Monday, January 9, 2012

A mini-revival

 Image http://homegrownhospitality.typepad.com/homegrown_hospitality/
I love formulas.  Not necessarily the mathematical sort but the “if X  then Y” sort.  If I do this then this will happen.  If my attitude is this then the outcome will be such.  I love the idea that there is predictability.  Control.  I am fooling myself.
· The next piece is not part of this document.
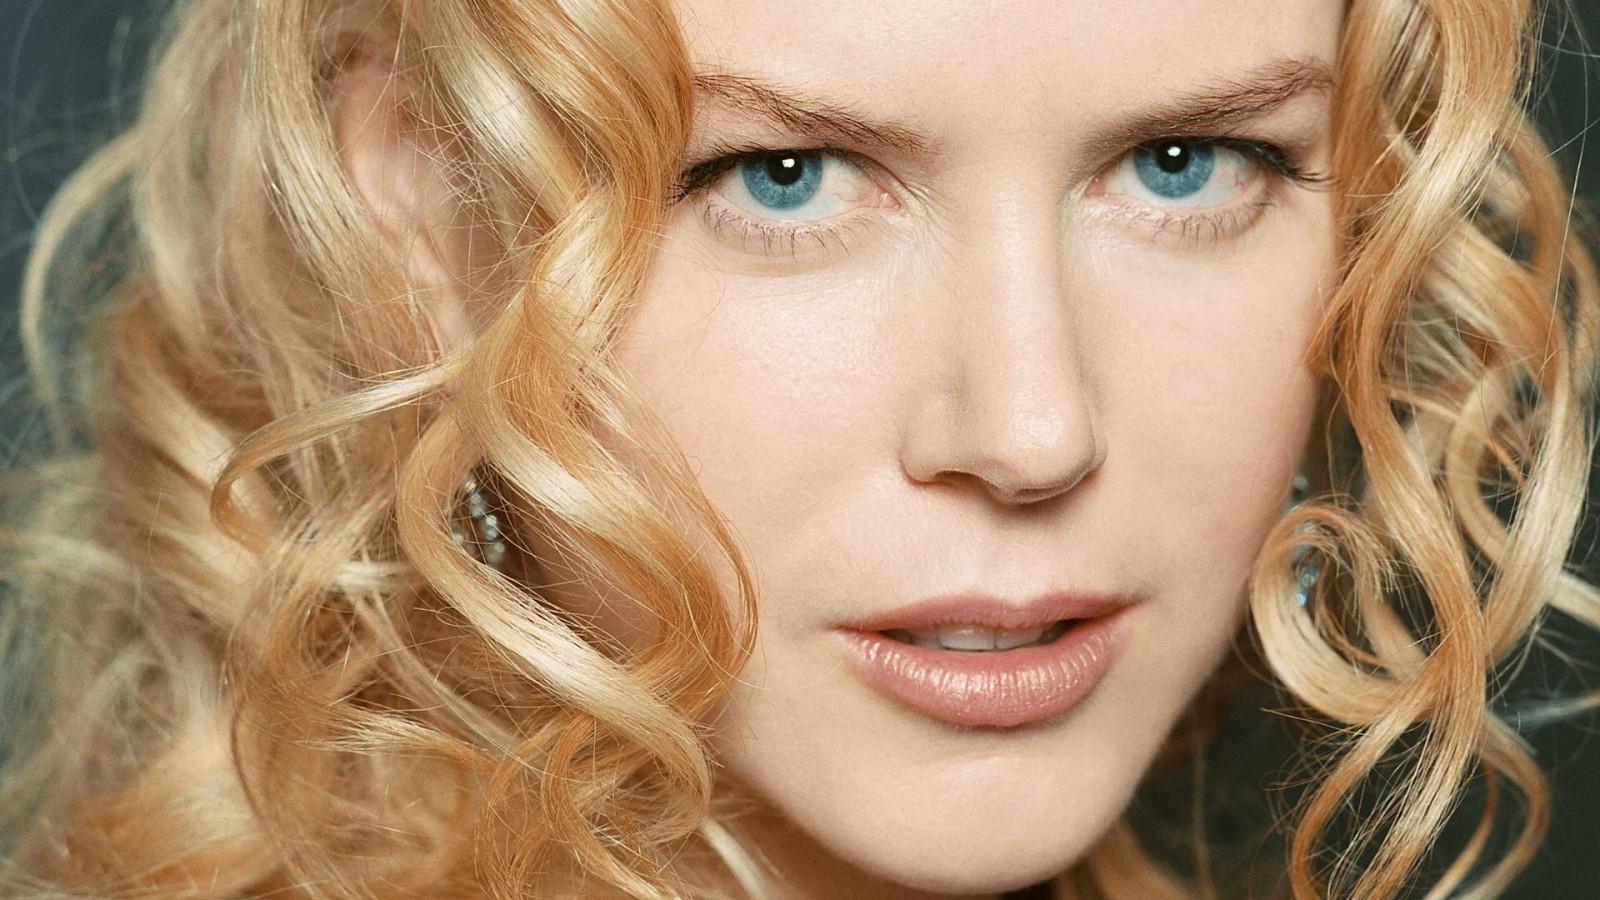 Women Blonde Blue Eyes Long Hair Wavy Hair Portrait: Wallpaper : Face, Women, Model, Long Hair, Blue Eyes

I live in a home with six other people.  As much as I would like it to be different, I have no control over them.  Yes, I can make consequences, but I cannot control.  And I really don’t think it is in their or my best interest if I do the controlling anyways.  But at times I want to know the outcome.  If I teach gratitude my children will be grateful.  If I value cleanliness my children will pick up after themselves.  If I make them well balanced meals my family will be healthy.  If my children see me value church and the Lord they will also.  If I pray enough in the morning I will have a blessed day.  If I am nice enough then my relationships will all go well (for me). 

What I do have control over is me.  My attitude, my response, my actions.  And that. Is. It.

I feel my Spirit is in a sort of revival.  I have a new desire for Scripture memory.  For journaling during quiet time.  A hunger to know more of Him.  To encourage others.  To give grace frivolously.  Because if grace is undeserved then why shouldn’t it be given frivolously?  I want to receive that kind from Him.  And I want to give that to others.